Only one stretch of the data below should be repeated: the lines from the line containing "Premium2 萬用banner1" through the line containing "Hase mit Corona", inclusive, exactly as they are.
(Given entries)
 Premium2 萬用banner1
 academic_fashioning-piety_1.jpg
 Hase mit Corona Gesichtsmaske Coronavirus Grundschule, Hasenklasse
(End Given entries)
(Given entries)
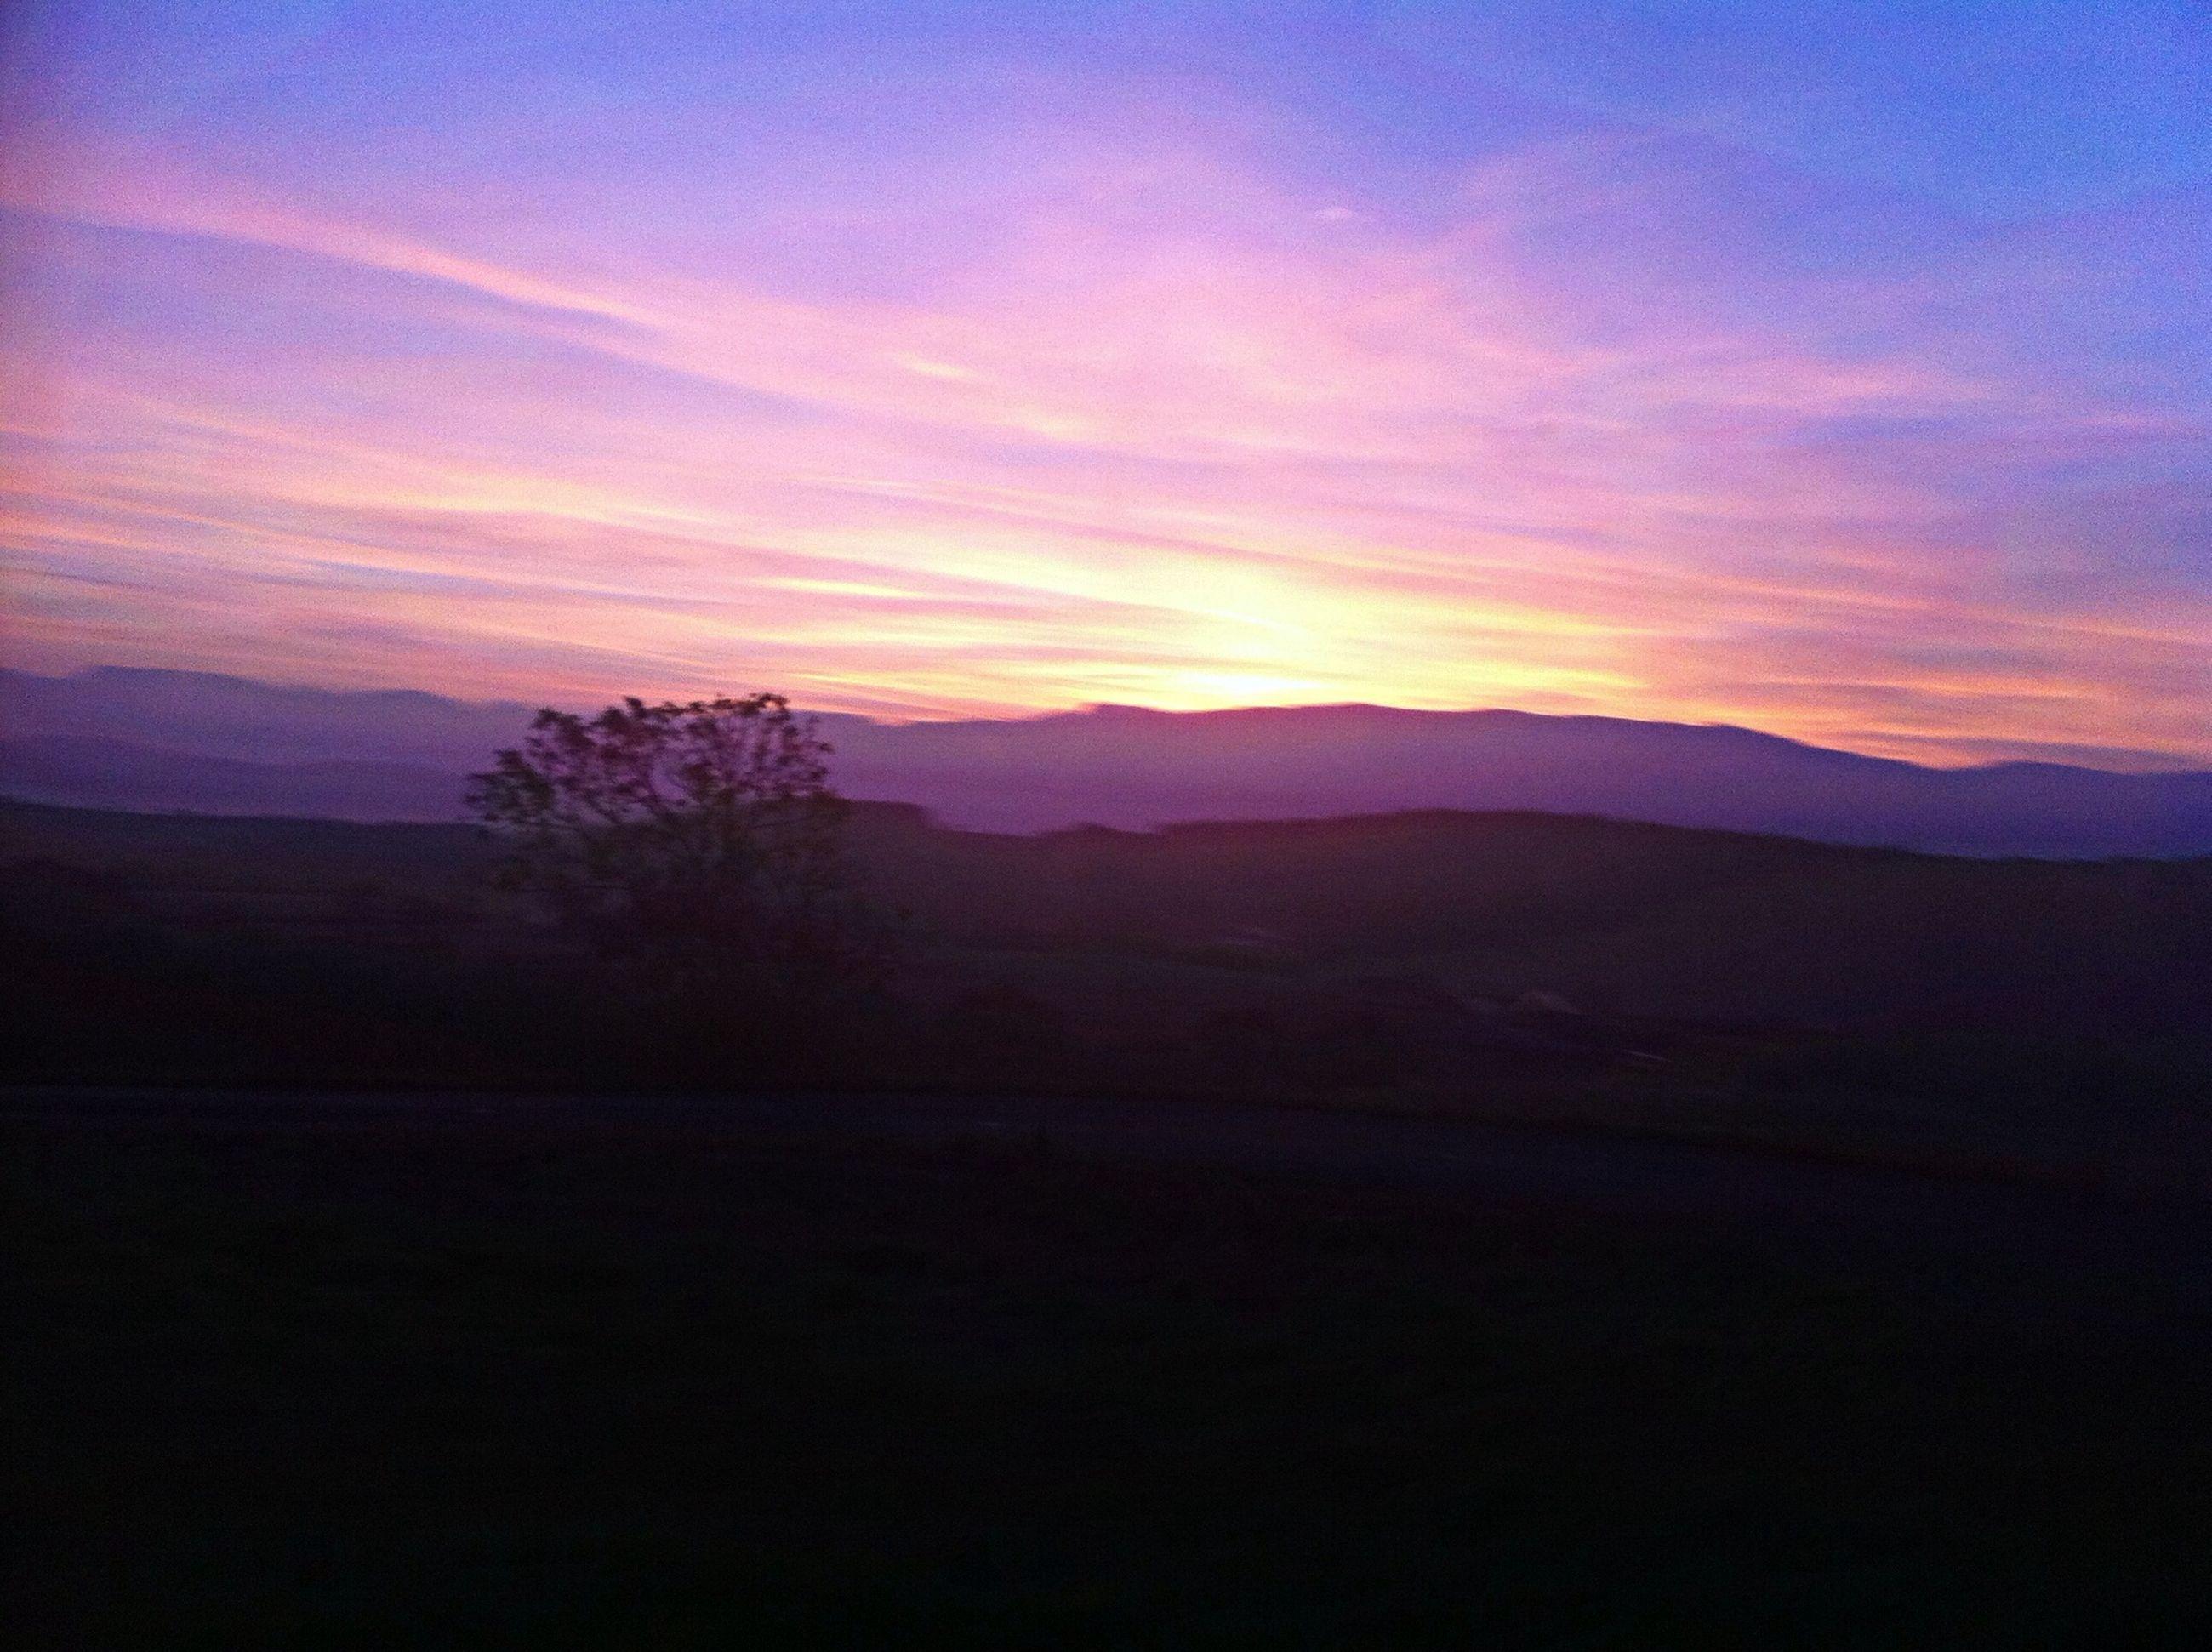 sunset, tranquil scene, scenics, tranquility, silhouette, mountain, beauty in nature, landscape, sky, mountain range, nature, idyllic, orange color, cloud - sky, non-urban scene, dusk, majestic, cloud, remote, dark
(End Given entries)
> **Answer to the problem**:
 Premium2 萬用banner1
 academic_fashioning-piety_1.jpg
 Hase mit Corona Gesichtsmaske Coronavirus Grundschule, Hasenklasse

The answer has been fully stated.